A regulation billiards table is twice as long as it is wide, has six pockets in the conventional positions, and a total of 18 “rail sights” (the little aiming circles or diamonds along all four sides). Rail sights and pockets form 24 equally spaced divisions around the table. You are at the “head” of the table, and desire to hit the cue ball from against your rail (the head rail), over the “foot spot” (that little dot near the other end), off the far (foot) rail, and back into one of the corner pockets on your end. For non-experts, (including me!), the foot spot is always two rail sight marks from the from the foot rail and centered between the two long sides.
Assume the following:
The ball rolls only – no sliding, no “english”, no leaving the table, therefore all shots go straight since the table is level Coefficient of friction of the rolling ball on the table is 0.05 (a realistic value)

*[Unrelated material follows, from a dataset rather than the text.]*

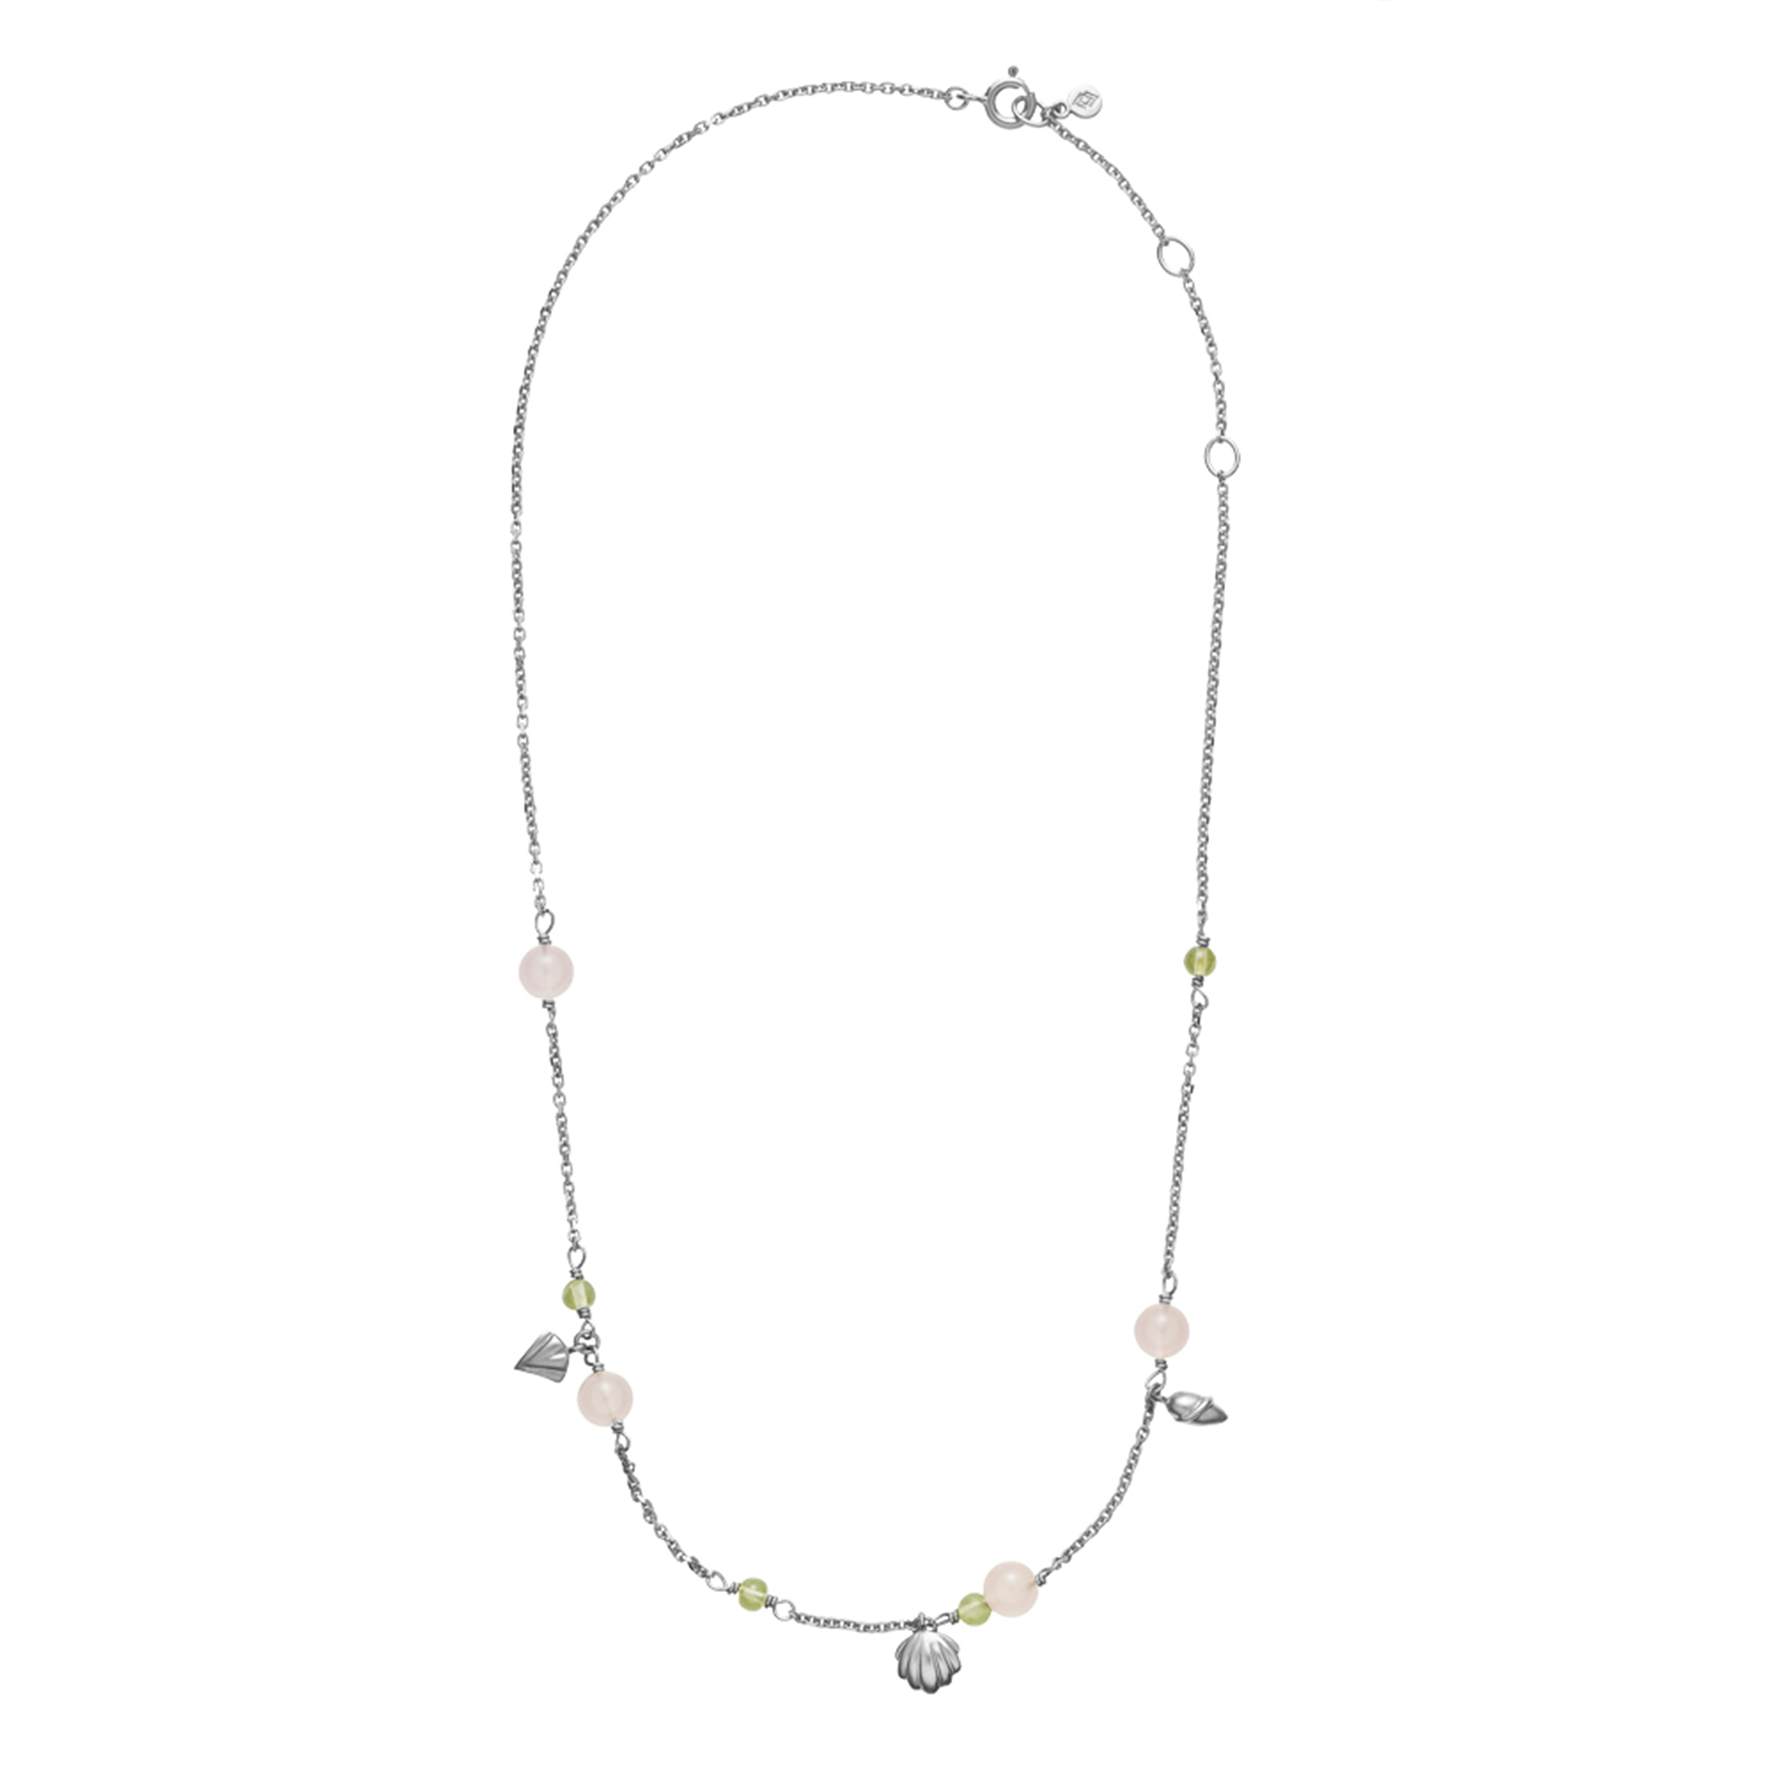 Isabella Pink/Green Necklace from Izabel Camille in Silver Sterling 925

The ball always makes a perfect collision with the bumper (i.e. no energy loss and no friction while in contact) Ignore the size of the ball and pockets – treat both as point entities.
Mass of the ball = OOOPS!, some pool shark has switched your cue ball for one of unknown weight (mass).
Q1: Where do you place the cue ball in order to make the bank shot?
Q2: What is the minimum initial speed you must give to the ball on this trajectory in order to make the shot (assume that if the ball stops exactly at the pocket, you succeeded)